Industry and policy voices push for broader inclusion

Nasscom, representing India’s IT industry, said it is imperative that Indian technology firms are included in Anthropic’s global industry consortium under Glasswing. The industry body framed participation as a way to strengthen global cyber resilience through responsible testing and shared learning. Separately, one policy argument in the reports emphasised dependence rather than threat: much of the substrate beneath India’s public digital infrastructure, including operating systems, cloud platforms, and AI model stacks, remains imported. In that view, resilience requires accelerated indigenous AI safety research, sovereign cloud capability, and well-resourced cybersecurity expertise inside the public sector. The reports also point to the need for updated governance frameworks that reflect AI-driven threats rather than conventional cyber playbooks.
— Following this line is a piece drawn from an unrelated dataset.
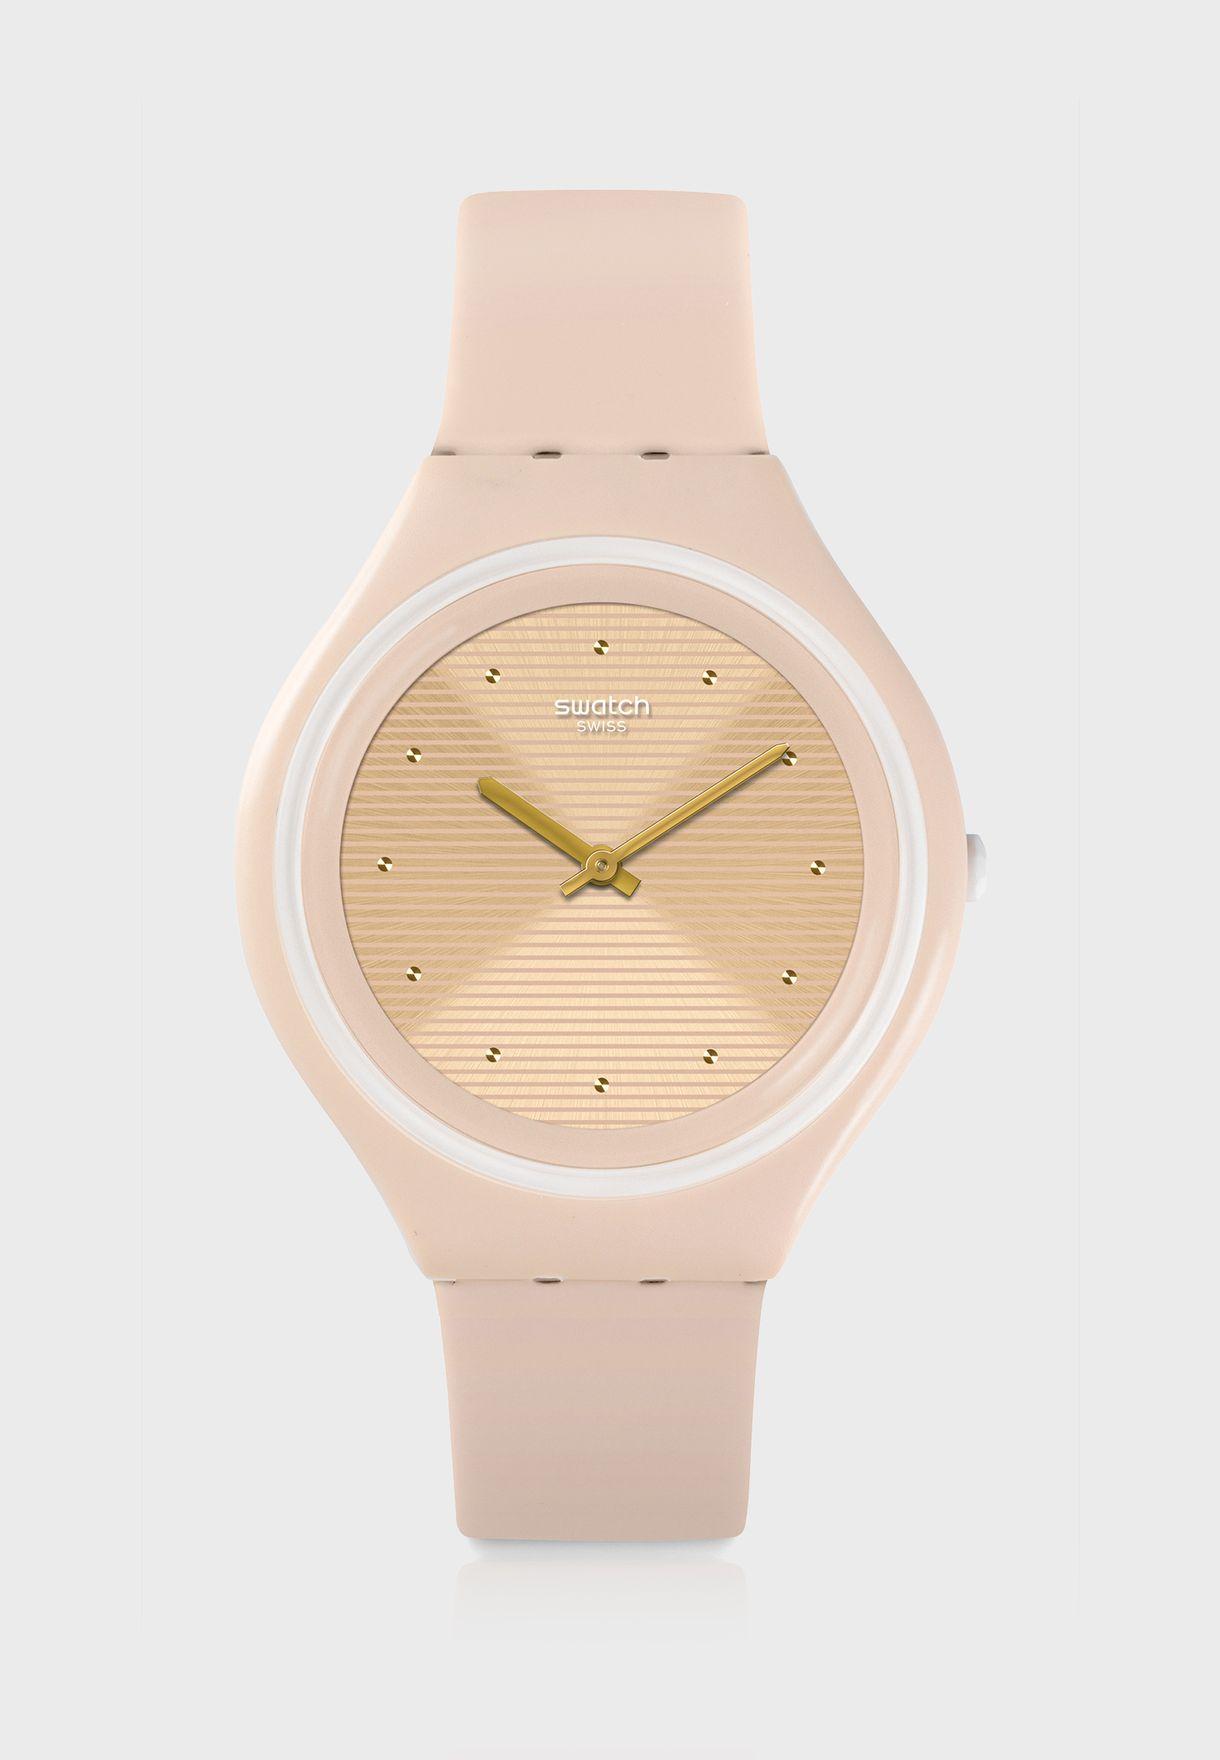 Ultra Thin Analog Watch

What banks were asked to do: governance and operational controls

At Sitharaman’s meeting, banking executives were asked to take measures to secure their systems, data, and customers. Tarun Wig, cofounder and CEO of Innefu Labs, said AI can no longer be treated only as an efficiency layer and must be governed as a real-time cyber risk. He highlighted needs such as continuous cyber threat intelligence sharing, faster patch management, stronger identity security, tighter vendor controls, and AI-powered defence with human oversight. Chowdhry, cited in the reports, argued the wrong instinct is to “shoot the messenger,” and the right one is to harden the systems the messenger reveals. He also said no powerful model should be given direct authority over code execution, network administration, financial controls, or critical operations without independent evaluation, bounded permissions, human approval for consequential actions, comprehensive logging, and a duty to report serious incidents and near misses.
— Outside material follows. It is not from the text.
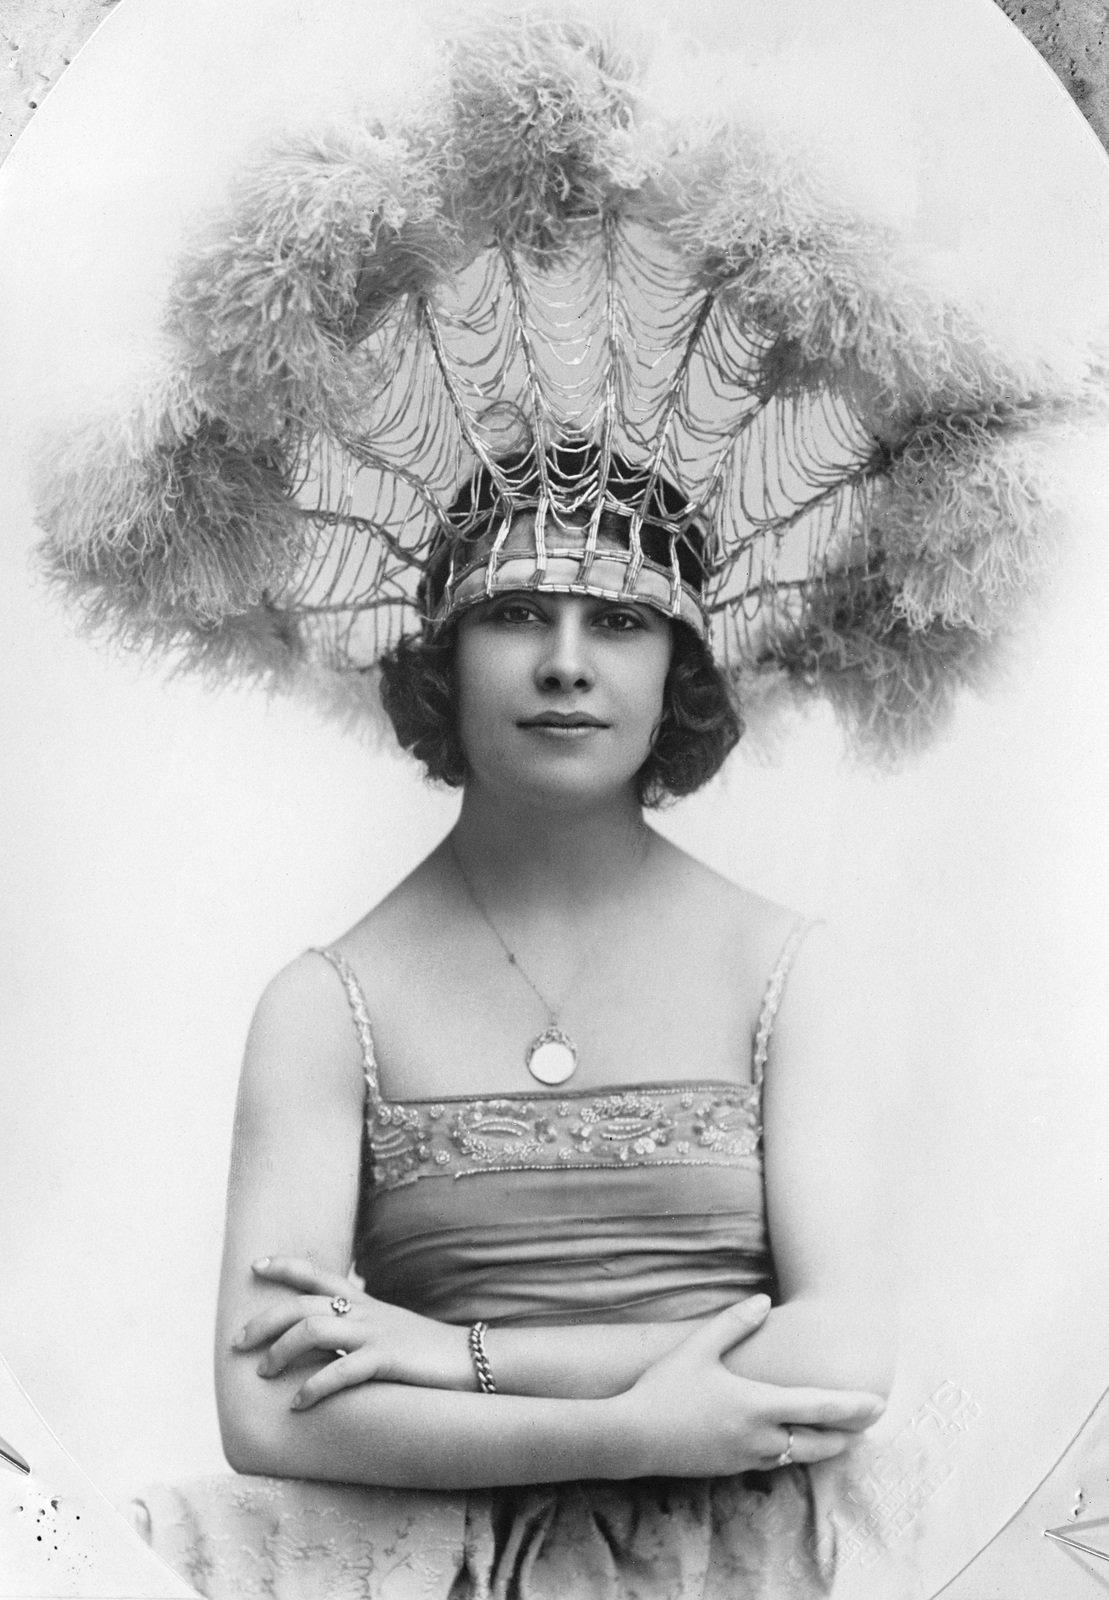 'La Yanqui', 21 August 1926, Unknown, Topfoto.co.uk, In Copyright

A coordinated ecosystem response, not isolated bank actions

Multiple accounts describe the need for coordinated mechanisms, including real-time threat intelligence sharing across the banking system and with national agencies. One report described a plan emphasis on sharing threat intelligence among banks, CERT-In, and other agencies. Another stressed that interdependence is a structural feature of modern finance: banks share infrastructure and vendors, so a vulnerability that crosses layers is different from one contained in a single system. That makes speed and coordination as important as individual bank hardening. The reports also note that international conversations are moving in parallel, including discussions in the US with Wall Street banks and indications that the White House may consider using Mythos within agencies to bolster cybersecurity.

Key facts at a glance

Why this matters for India’s digital financial stack

The reports frame Mythos as a stress test for how quickly institutions can adapt to machine-speed threats. For India, the issue is amplified by scale and complexity: digital identity, payments, banking, and government networks are deeply connected. Sahiba warned that if AI tools capable of identifying previously unknown vulnerabilities become concentrated among a small set of corporate or geopolitical actors, it creates structural asymmetry in cyber defence. She argued that equitable access to defensive capability becomes part of technological sovereignty. The operational message for lenders is immediate and practical: cyber risk needs board-level ownership, faster patch cycles, stronger identity and vendor controls, and coordination that matches the speed of modern attacks.

What to watch next

India’s next steps, as described across the reports, centre on strengthening bank-level controls and building more coordinated threat intelligence sharing with agencies. On the global front, the evolution of Project Glasswing, and who is included in the consortium, will shape how widely defensive learnings are shared. Officials also signalled that the world should expect more models with similar or greater capability, making this a continuing policy and operational challenge rather than a one-off episode. For banks, the practical near-term focus remains readiness: securing legacy systems, testing critical infrastructure, and ensuring incident processes work at the pace implied by agentic AI.